DC dielectrophoretic particle-particle interactions and their relative motions.

When particles in an electrolyte subjected to an external electric field get close to each other, the presence of particles could alter the local electric field and consequently induce mutual dielectrophoretic (DEP) forces on each other. In this paper, a transient, two-dimensional (2D) multiphysics model taking into account the particle-fluid-electric field interactions under a thin electrical double layer (EDL) assumption is performed to investigate the effects of the imposed electric field, the initial particle's orientation and distance on the DEP particle-particle interaction between a pair of micro-sized particles and their relative motions. Prior to the study of the DEP particle-particle interaction, the magnitude comparison between the DEP particle-particle interaction and the Brownian motion is analyzed.
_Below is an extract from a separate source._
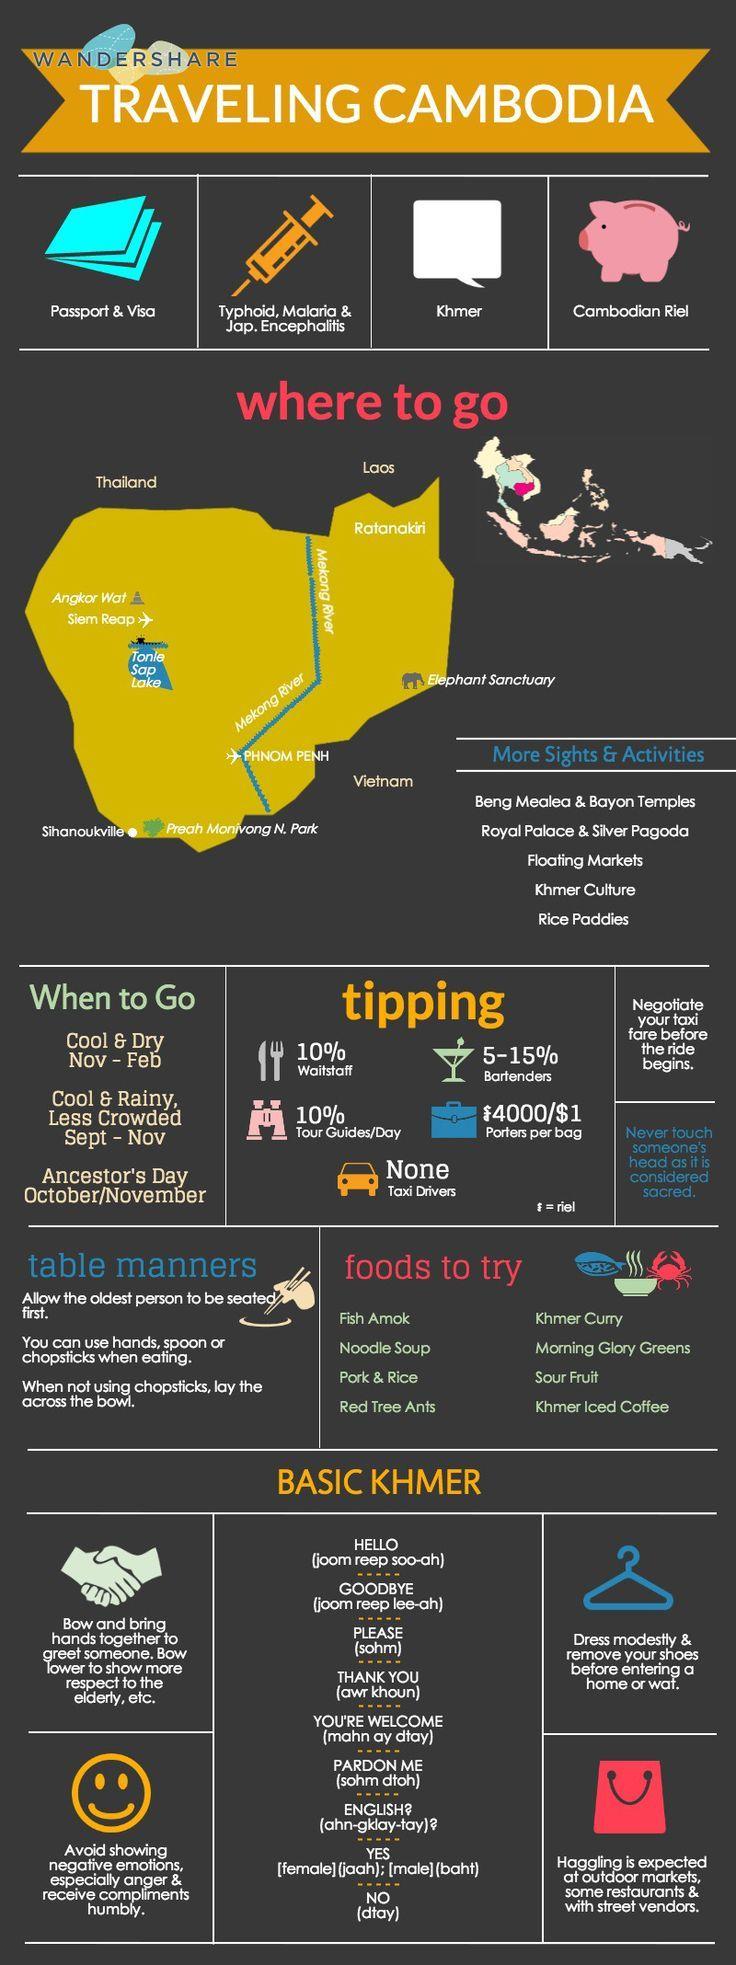 Tips for Traveling in Cambodia (scheduled via http://www.tailwindapp.com?utm_source=pinterest&utm_medium=twpin&utm_content=post872793&utm_campaign=scheduler_attribution)

When the DEP particle-particle interaction dominates the random Brownian motion, it is expected to observe the particle chaining along the direction of the imposed electric field, independent of the initial particle orientation. The numerical predictions are in qualitative agreement with the experimental observations available from the literature. During the attraction motion of particles, their velocities tend to dramatically decrease due to the rapid increase in the repulsive hydrodynamic pressure force when the particle distance decreases to a certain value. One exclusive exception of the particle chaining occurs when the initial connecting line of the particles is perpendicular to the imposed electric field, which is extremely unstable owing to the inevitable Brownian motion.